YOUR TASK: Without changing a word, copy every line of the listing below and leave out the images.

SOURCE DATA:
---
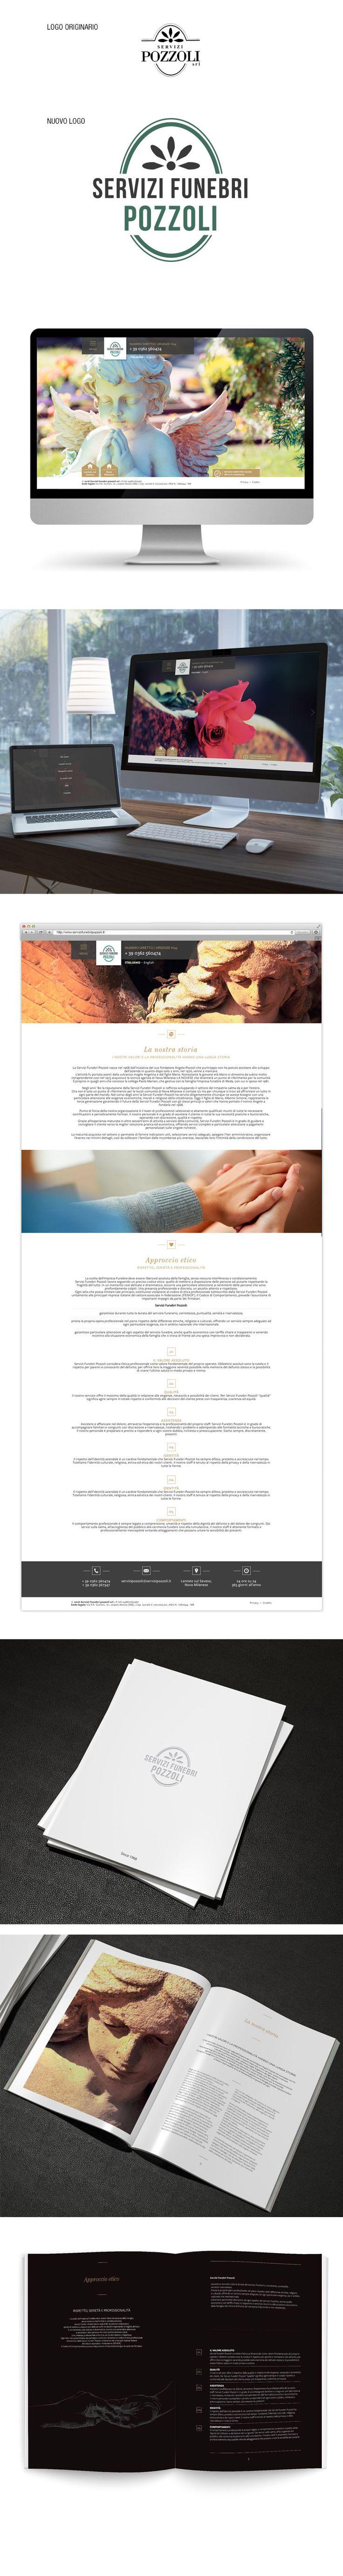 Il portale che b_centric ha sviluppato per Servizi Funebri Pozzoli è concepito con tecnologia responsi e porta nella sua genesi tre importanti fasi di sviluppo: un progetto grafico pulito; una ricerca e selezione accurata per le immagini e una stesura edioriale dei testi molto tecnica, completa ed esaustiva. Accanto al portale, il redesign del marchio e il progetto di una brochure per il target B2B hanno completato il progetto di comunicazione.
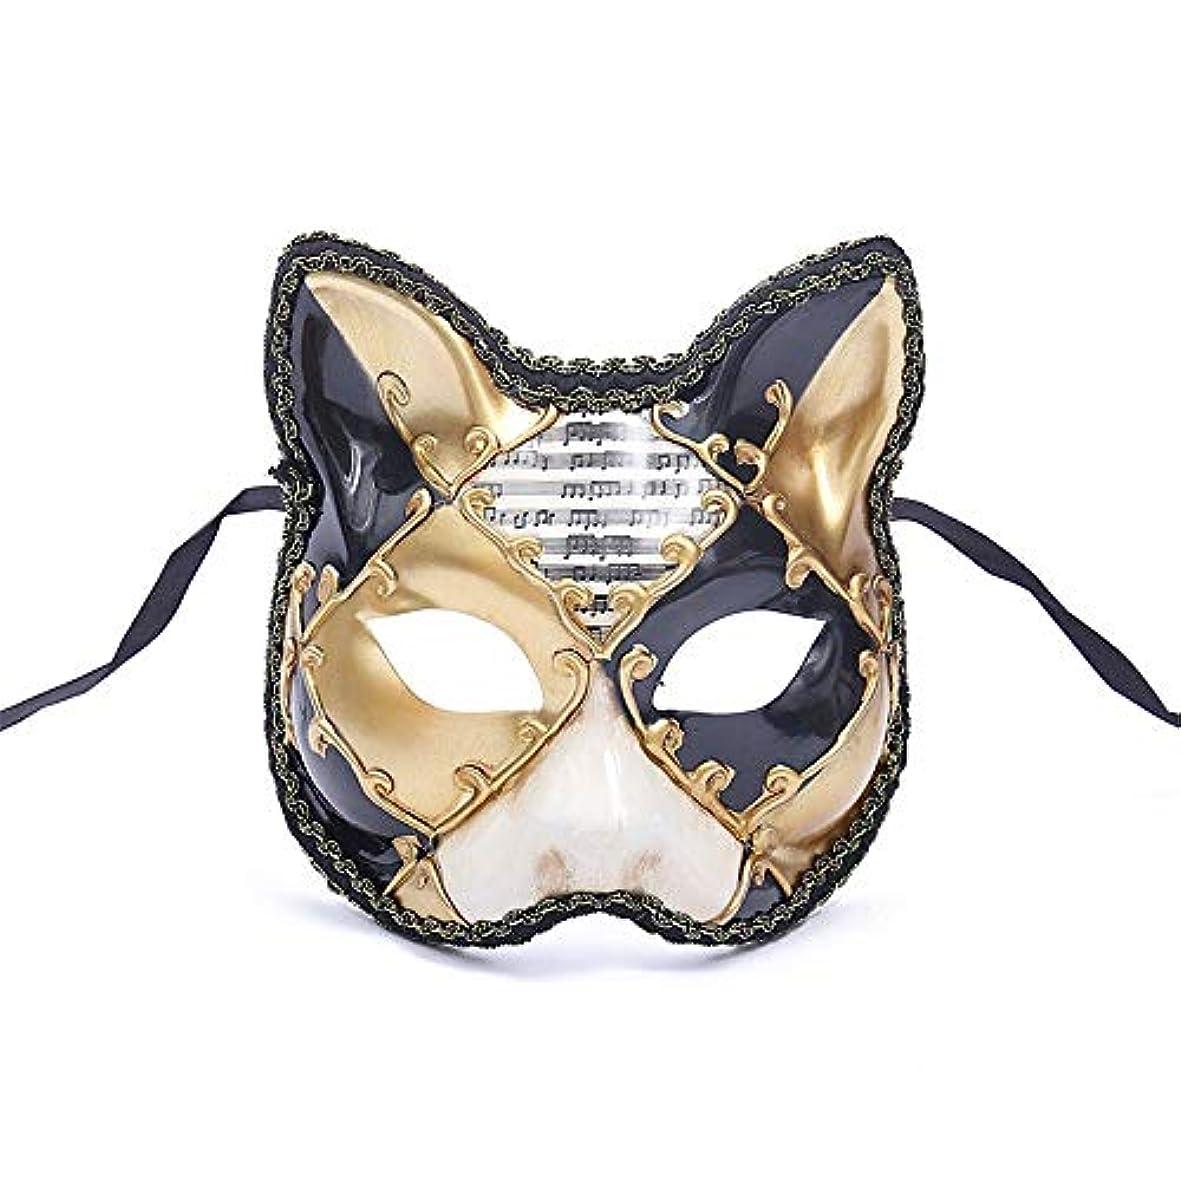 ダンスマスク 大きな猫アンティーク動物レトロコスプレハロウィーン仮装マスクナイトクラブマスク雰囲気フェスティバルマスク ホリデーパーティー用品 (色 : 黄, サイズ : 17.5x16cm)
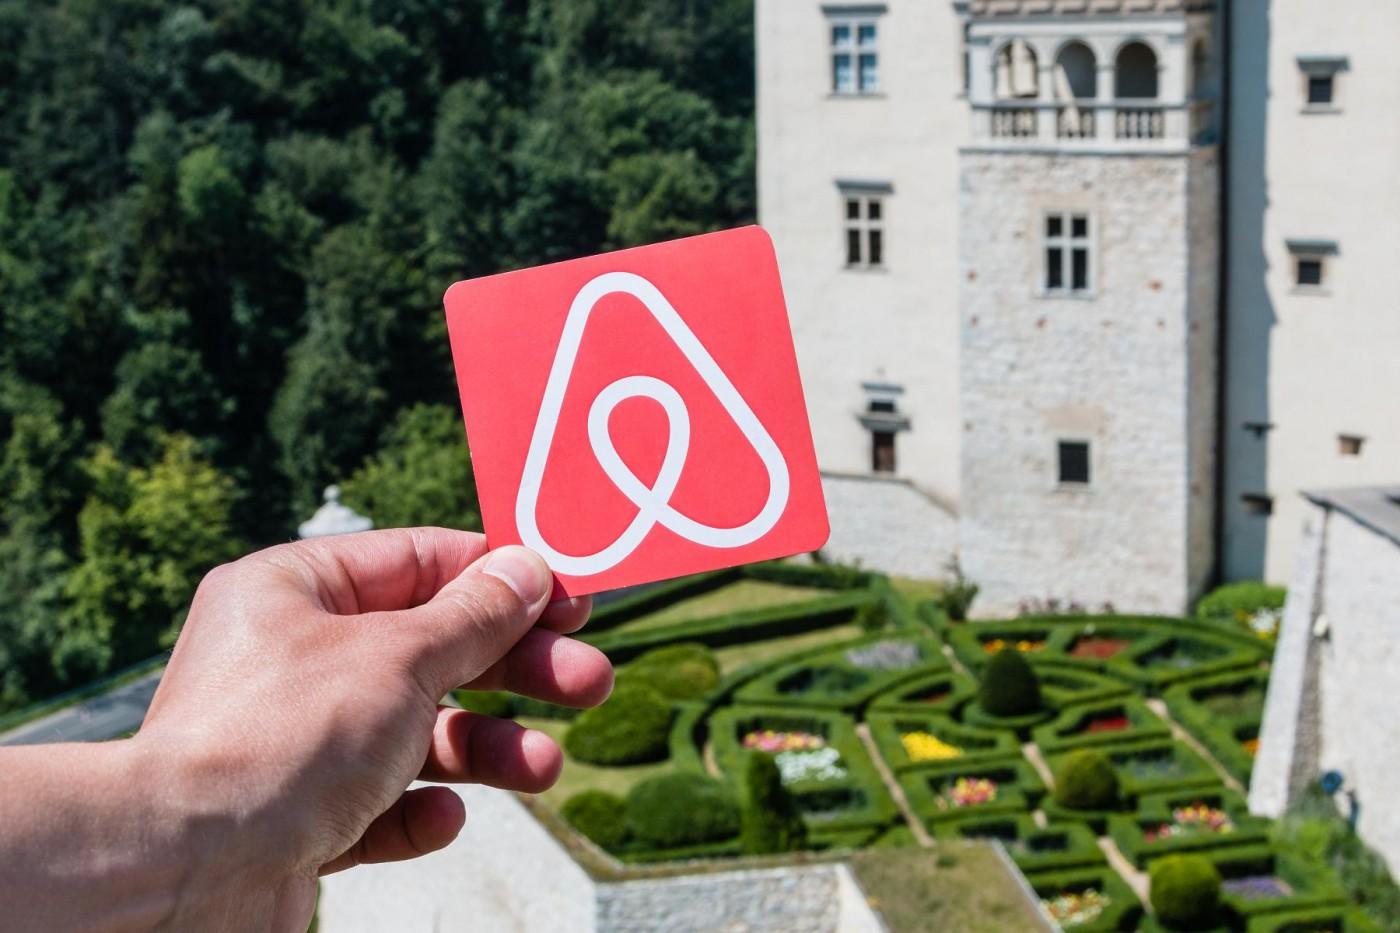 全球解封,旅遊業「重開機」!Airbnb看好3大國旅趨勢
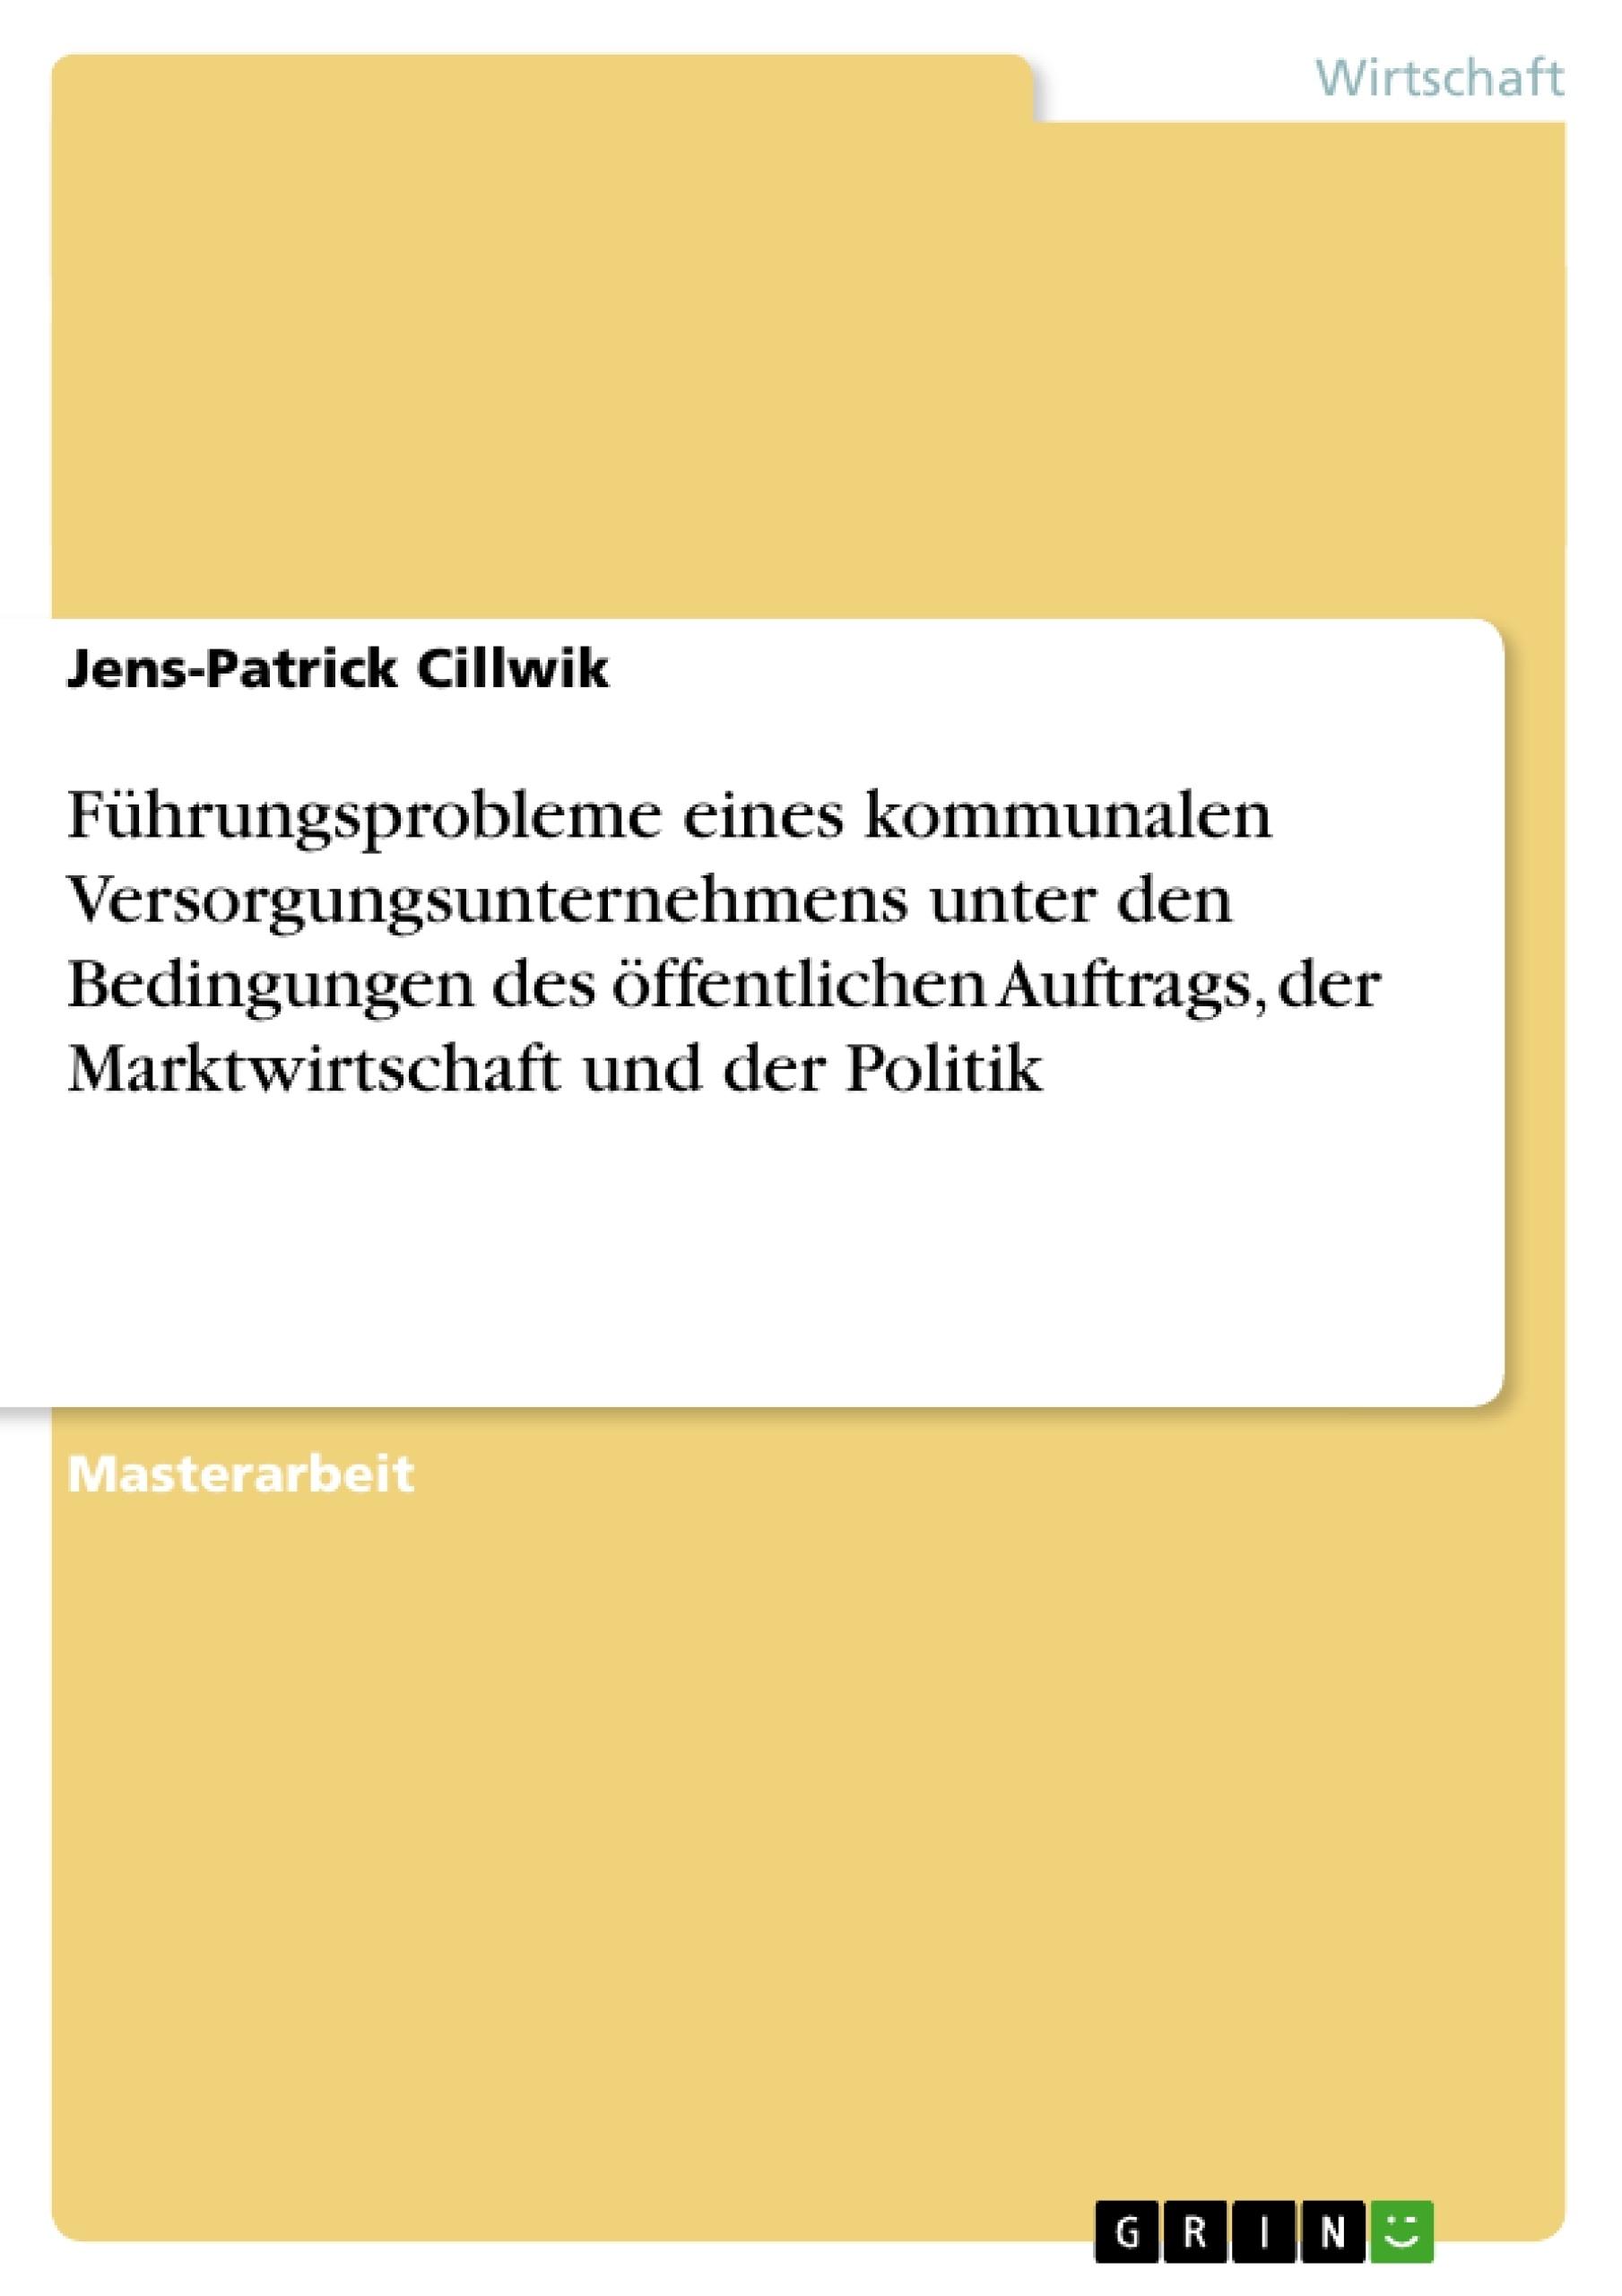 Titel: Führungsprobleme eines kommunalen Versorgungsunternehmens unter den Bedingungen des öffentlichen Auftrags, der Marktwirtschaft und der Politik
---
SOLUTION TO THIS TASK:
 Il portale che b_centric ha sviluppato per Servizi Funebri Pozzoli è concepito con tecnologia responsi e porta nella sua genesi tre importanti fasi di sviluppo: un progetto grafico pulito; una ricerca e selezione accurata per le immagini e una stesura edioriale dei testi molto tecnica, completa ed esaustiva. Accanto al portale, il redesign del marchio e il progetto di una brochure per il target B2B hanno completato il progetto di comunicazione.
 ダンスマスク 大きな猫アンティーク動物レトロコスプレハロウィーン仮装マスクナイトクラブマスク雰囲気フェスティバルマスク ホリデーパーティー用品 (色 : 黄, サイズ : 17.5x16cm)
 全球解封,旅遊業「重開機」!Airbnb看好3大國旅趨勢
 Titel: Führungsprobleme eines kommunalen Versorgungsunternehmens unter den Bedingungen des öffentlichen Auftrags, der Marktwirtschaft und der Politik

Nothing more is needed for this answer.